To demonstrate the utility of our algorithm for a broad range of applications and across diverse gene types, we wanted to assess how many mutagenic sites our algorithm is able to eliminate. For the most comprehensive assessment possible, we calculated statistics for the number of sites in every valid open reading frame (ORF) on the Standard Registry of Biological Parts.
Using software that we wrote last year to wrap the Registry’s API, we extracted sequences and classifiers for every part on the Registry, then filtered those sequences with a heuristic to define genes containing an ORF. In all, we characterized 2,594 genes.

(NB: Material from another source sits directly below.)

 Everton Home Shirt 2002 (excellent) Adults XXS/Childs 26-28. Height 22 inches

With a set of automated scripts, for all of these genes we calculated the number of mutagenic sites for irradiation, oxidation, alkylation, base-runs, and microhomologies in the original part sequence, then calculate the number of all of these sites that would remain after optimization through our algorithm both for each type of mutation and for overall optimization. We also show summary statistics on the percent of sites remaining after directed-optimization.

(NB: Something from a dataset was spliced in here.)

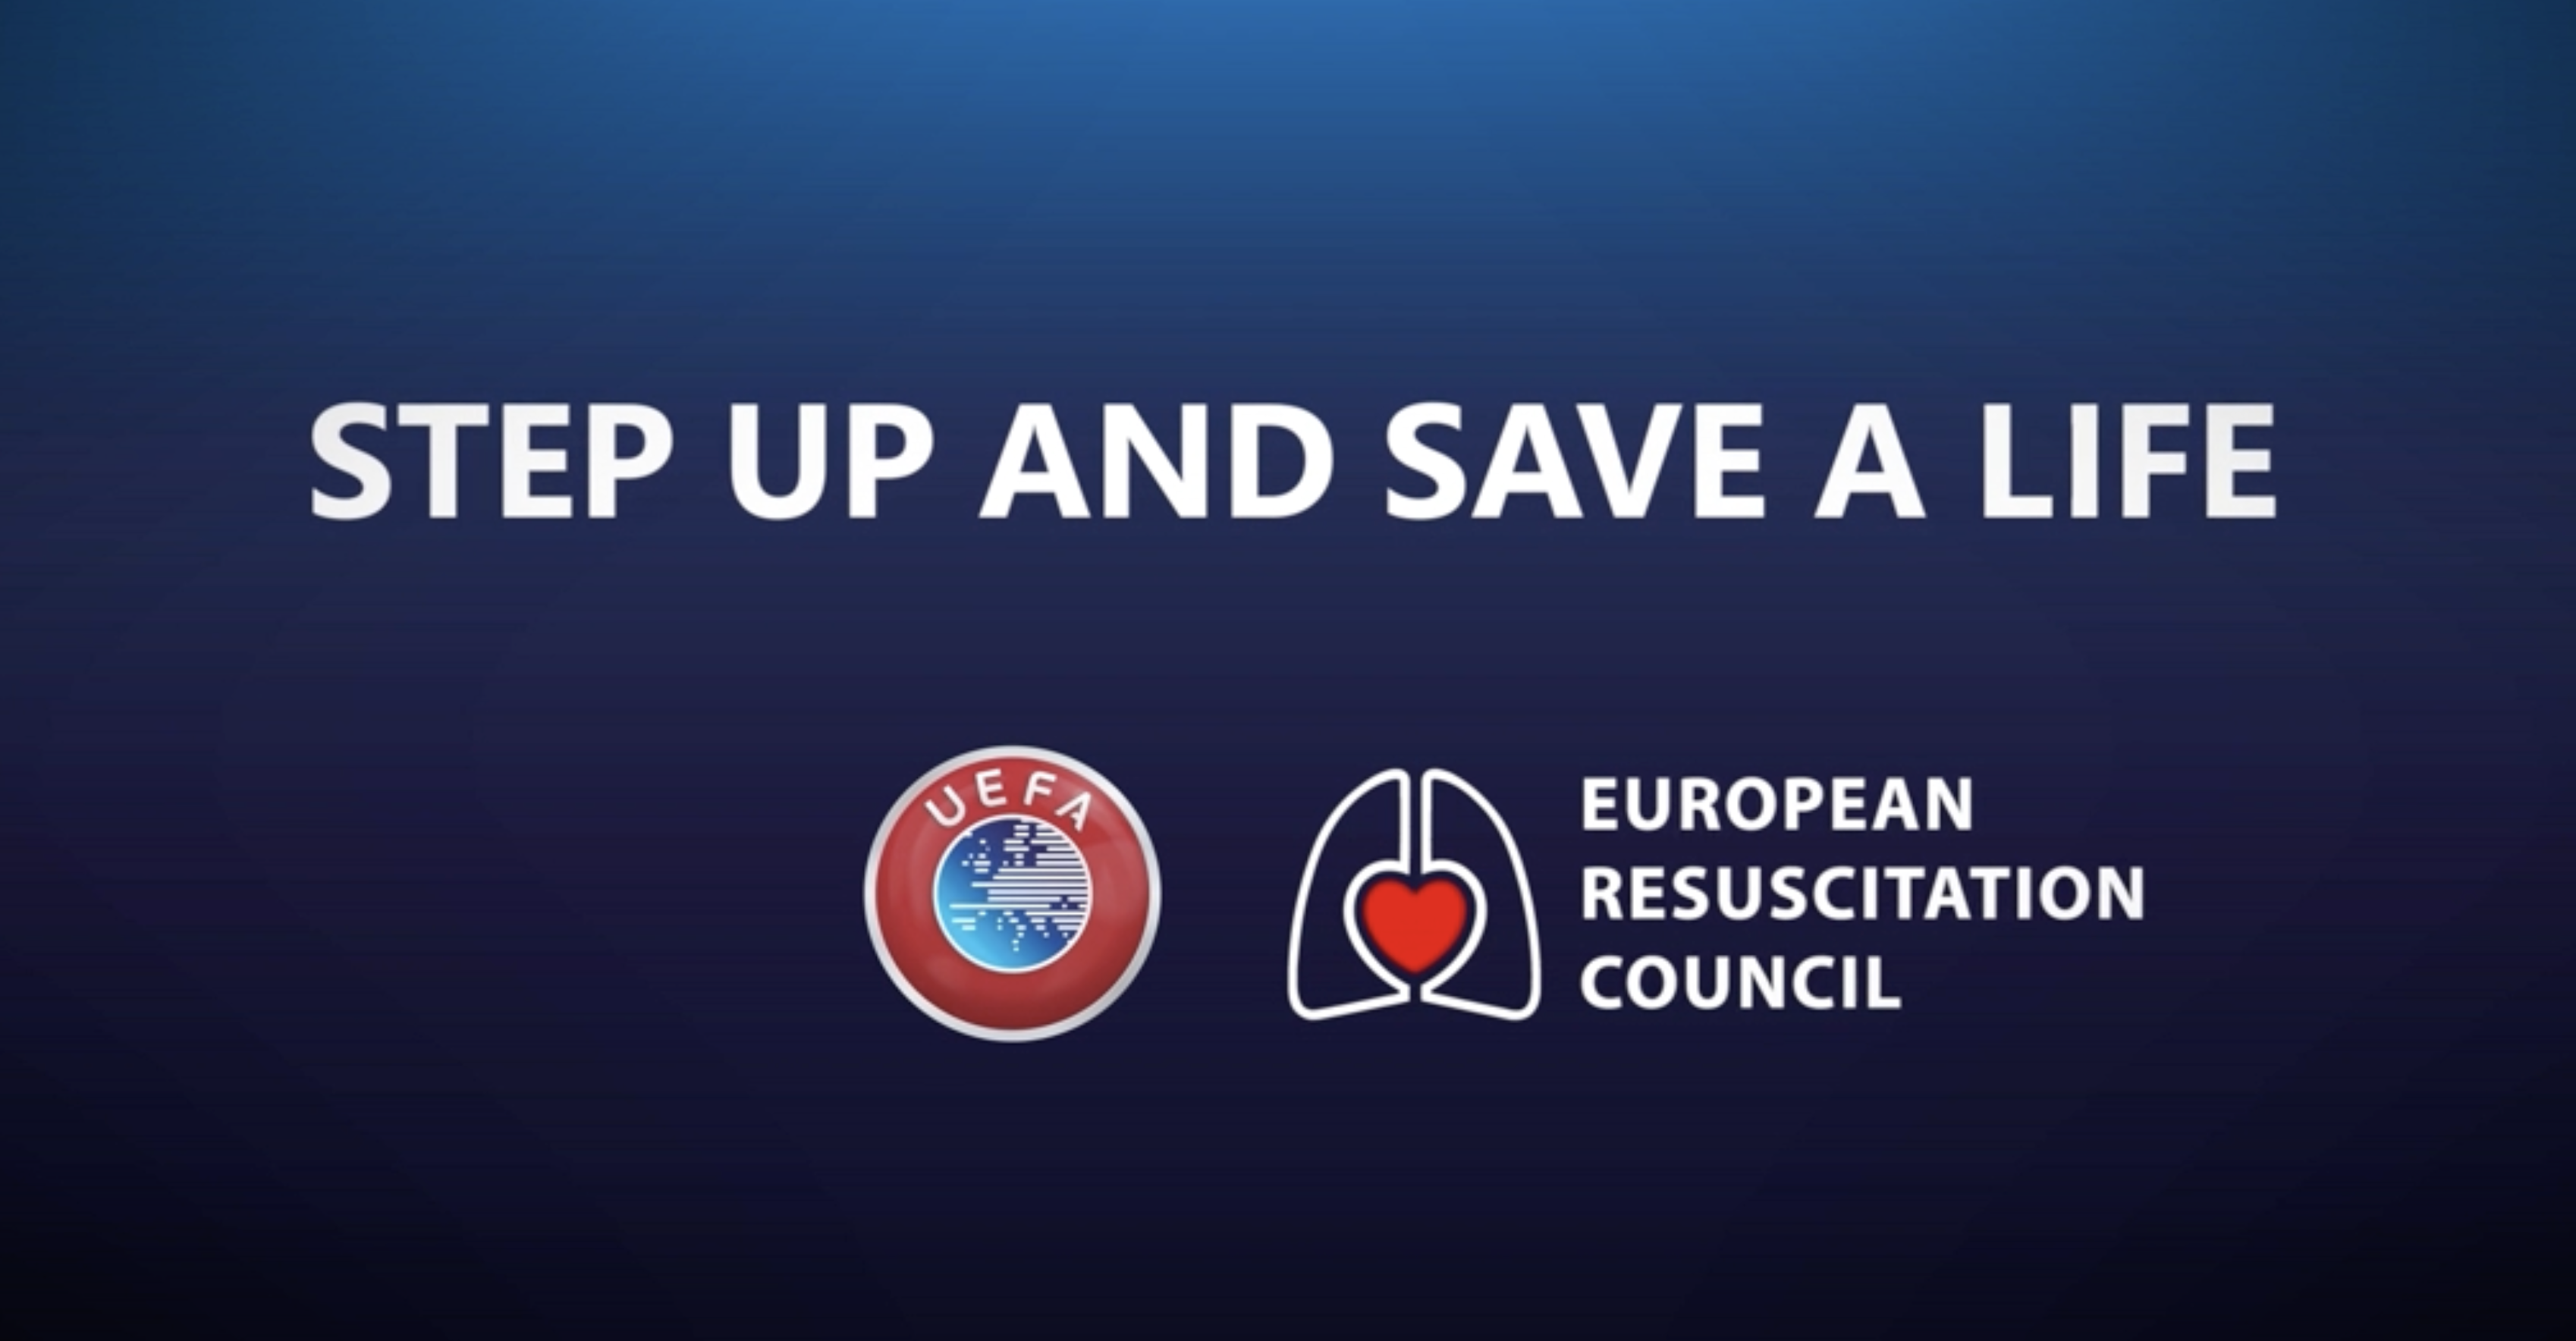 UEFA and European Resuscitation Council team up to promote CPR training and education

With this tool, we have expanded the characterization of nearly every gene on the iGEM registry by adding valuable additional information on each part’s predicted relative risk of mutation. This data set, which have made publicly available, is a useful resource for anyone using the Registry for gene sequences in their projects, especially those concerned about the stability, longevity, and safety of their system.
Statistics on Optimization
With the resource we created for characterizing mutation sites across the Registry, we also compiled aggregate statistics to show how well the optimization performs on real gene sequences. As shown on the series of graphs below, mutation types can greatly differ in how well they can be counteracted. For example, on average 37% of pyrimidine dimer sites (weighted based on their mutagenicity) can be removed through synonymous substitutions, while 58% of oxidation and 50% of alkylation sites can be eliminated. Base-runs, which increase rates of polymerase error, can also be effectively removed at a high rate (80% on average, with a mode of having ~100% of runs over 5bp removed).
In addition, we benchmarked the software’s performance when handling these sequences as a realistic use-case. For an approximately 1000 bp sequence, the optimizations specific for a one mutation type will complete in 0.8 – 1.1 seconds on an Intel i7 processor. An overall optimization that checks every mutation type takes approximately 3 seconds. These speeds easily accommodate most lab workflows, and there is considerable room for further speed optimization (for example, compiling the program into cython) if larger datasets are being used.
Conclusions
Both metrics of our software’s performance scored well in our testing, including how well it can optimized sequences and how computationally effective it implements its optimization. Our software can eliminate high percentages of mutagenic sites with only synonymous changes that retain efficient codon usage, and at speeds fast enough to accommodate bioinformatics analyses such as the comprehensive gene characterization we performed on the Registry of Standard Biological Parts. In the process, we generated a large amount of new data characterizing the mutation risk of thousands of genes encompassing most ORFs on the Registry that is resource for future researchers.